In 2013, Graeme Simsion published his first novel, The Rosie Project, and the world fell in love with its big-hearted, socially inept protagonist, Don Tillman.
Though some readers and reviewers read Don as a character who was ‘on the spectrum’, Simsion himself has resisted labels in public discussions of his wildly successful series of romantic comedy novels. The Rosie Project and its sequel, The Rosie Effect, have sold millions of copies in 40 different countries.
Simsion's third and final book in the series, The Rosie Result, centres on Don's son, Hudson, and deals more directly with the issue of autism.
In conversation with Clem Bastow – who has written about her own recent autism diagnosis – Simsion and Yenn Purkis – an autistic and non-binary author, blogger, presenter and mentor – will discuss neurodiversity and writing. How has the public conversation changed? And what are the responsibilities of writers who choose to portray neurodiverse characters or address their own diagnoses in their work?
Paperback will be our bookseller for this event.
Graeme Simsion is a Melbourne-based novelist and screenwriter. The Rosie Project and The Rosie Effect have combined global sales approaching five million copies.
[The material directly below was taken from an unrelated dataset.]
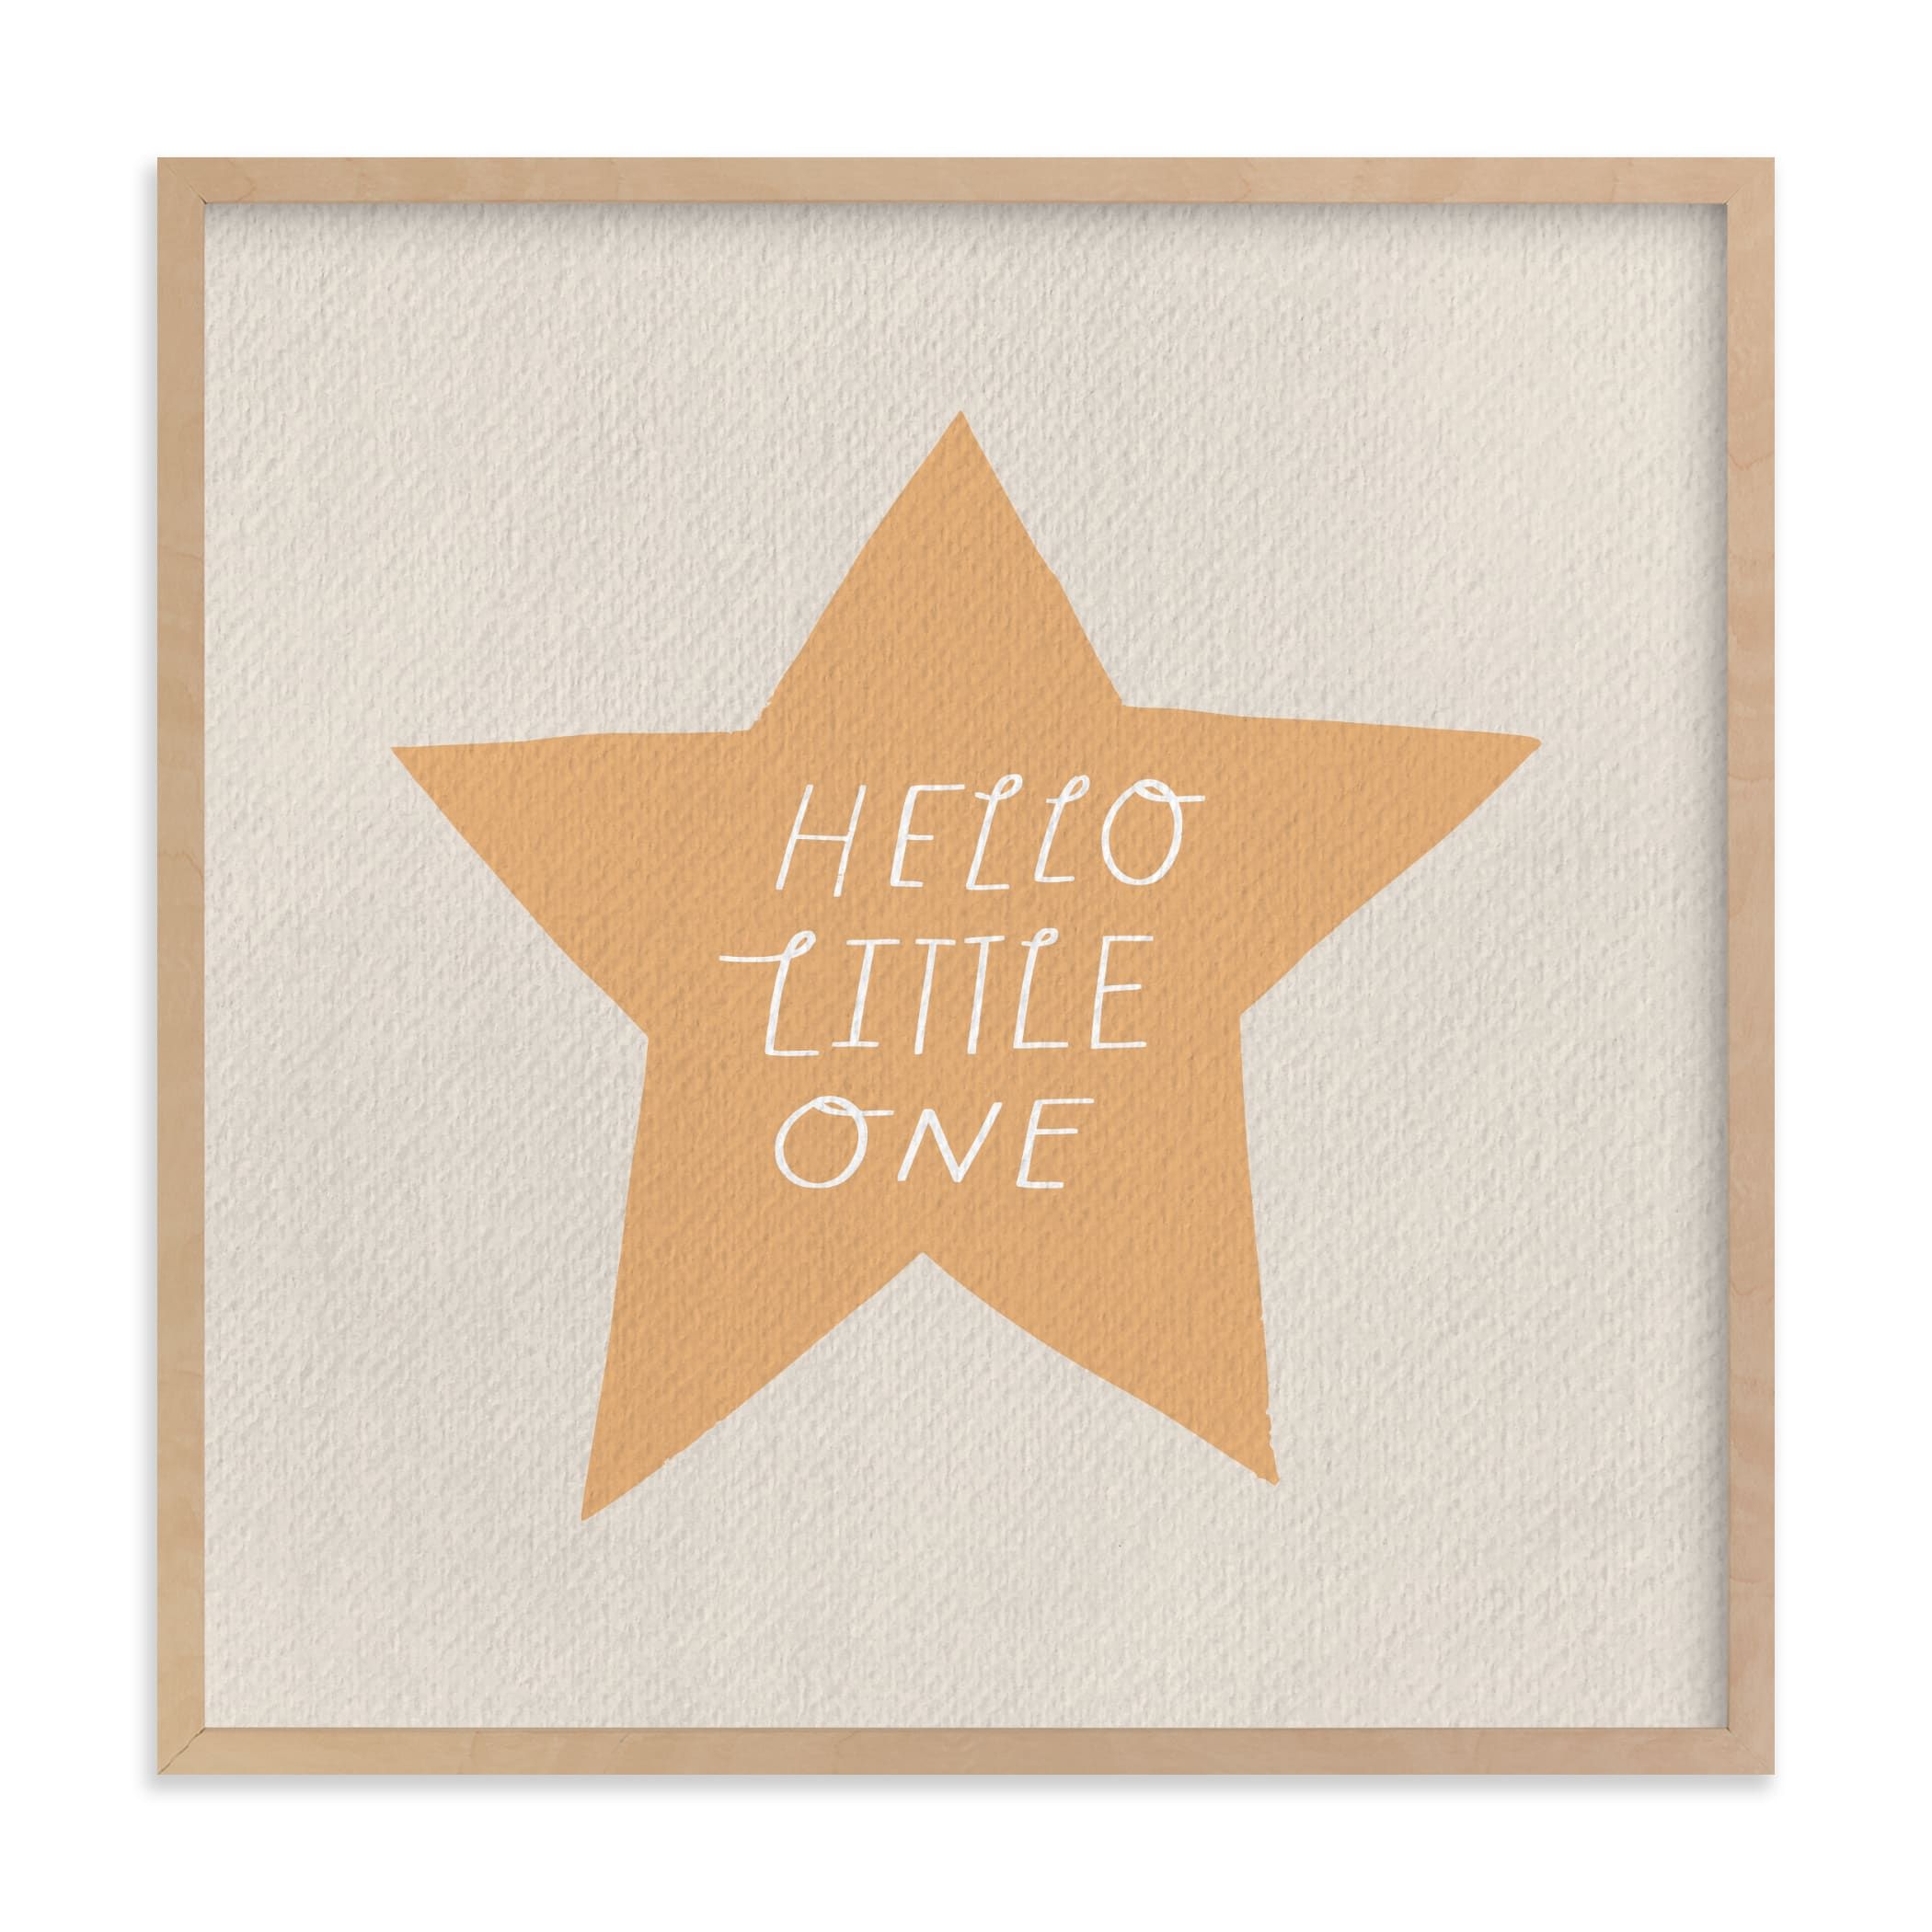 "Hello Little One" - Graphic Limited Edition Art Print by Little Miss Missy. | Minted

Clem Bastow is an award-winning cultural critic whose work appears regularly in The Saturday Paper, Fairfax newspapers and The Guardian. She has written about film and television for journals including The Lifted Brow and Kill Your Darlings, and books including Investigating Stranger Things (Palgrave Macmillan), ReFocus: The Films Of Elaine May (Edinburgh University Press) and Copyfight (NewSouth Publishing). She co-wrote and co-presented the 2017 ABC podcast Behind The Belt, a documentary “deep dive” into professional wrestling.
Based in Melbourne, she holds a Master of Screenwriting from VCA, and teaches screenwriting at University of Melbourne. Clem is currently undertaking a PhD in action cinema and screenwriting at RMIT University.
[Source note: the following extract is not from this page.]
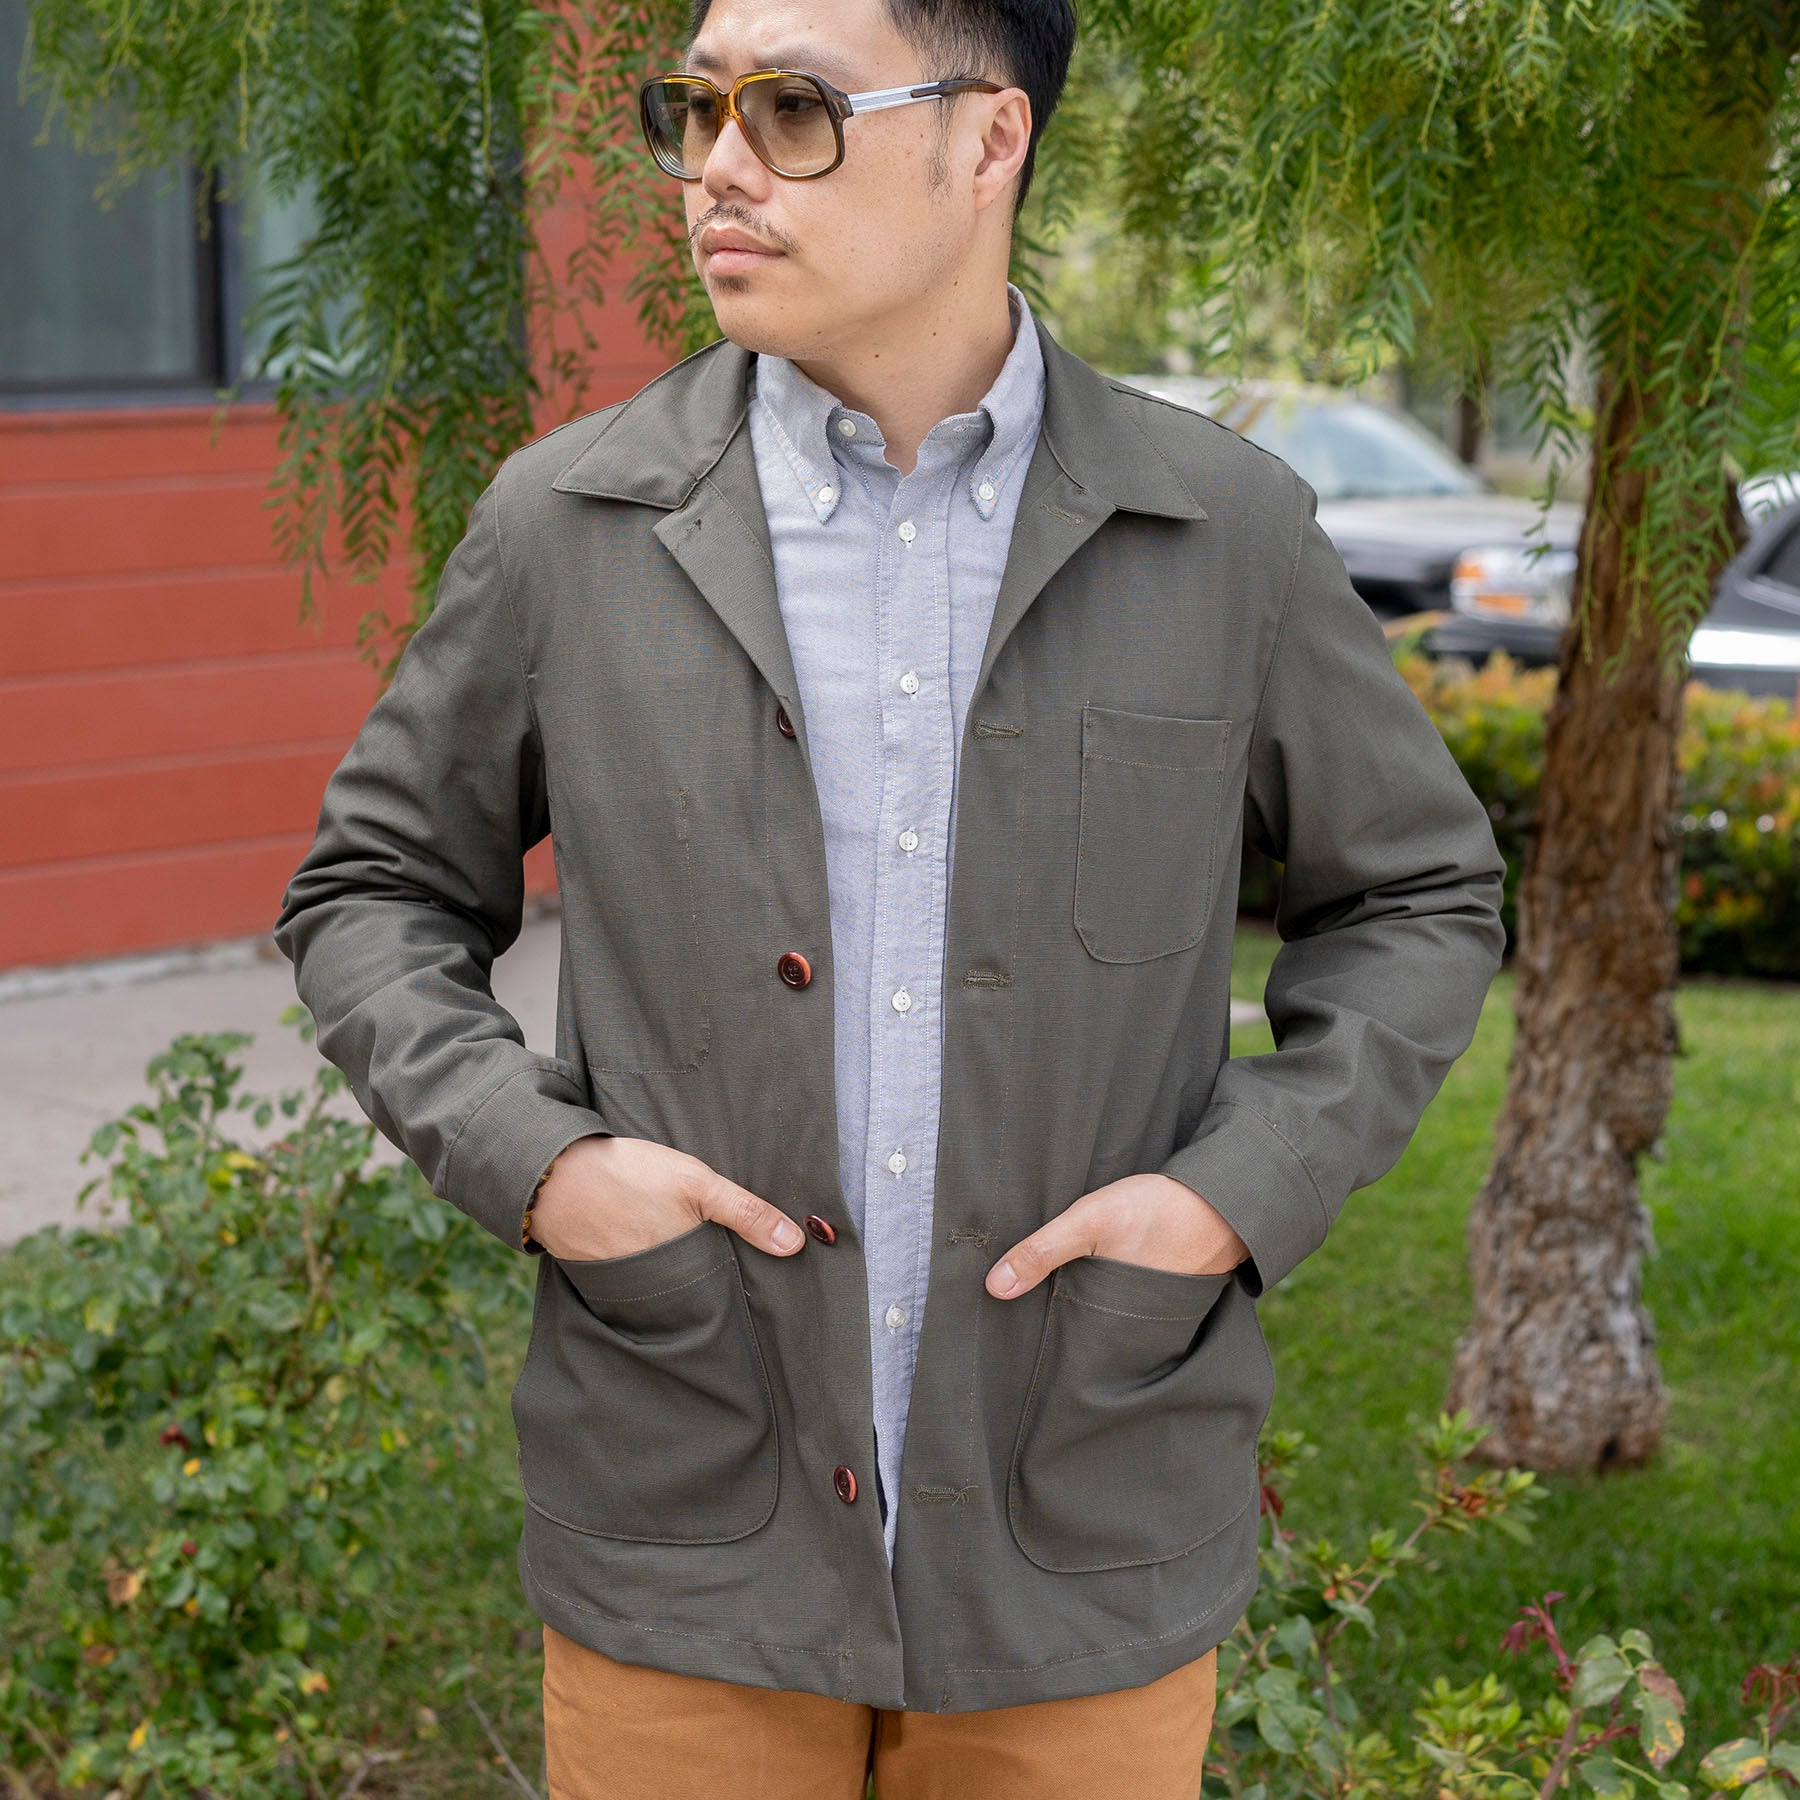 Doyle Jacket in Olive Military-Spec Cotton Ripstop Sz 38

Yenn (formerly Jeanette) Purkis is an autistic and non-binary author, blogger, presenter and mentor. Yenn is active in the autism world and the wider community. They have a strong presence on social media, posting a daily meme and weekly blog. Yenn has facilitated a support group for autistic women in Canberra since 2011, featured in the ABC documentary Alone in a Crowded Room and was named the 2016 ACT Volunteer of the Year. Yenn lives in their art-filled home known as Whimsy Manor with their feline friend, Mr Kitty.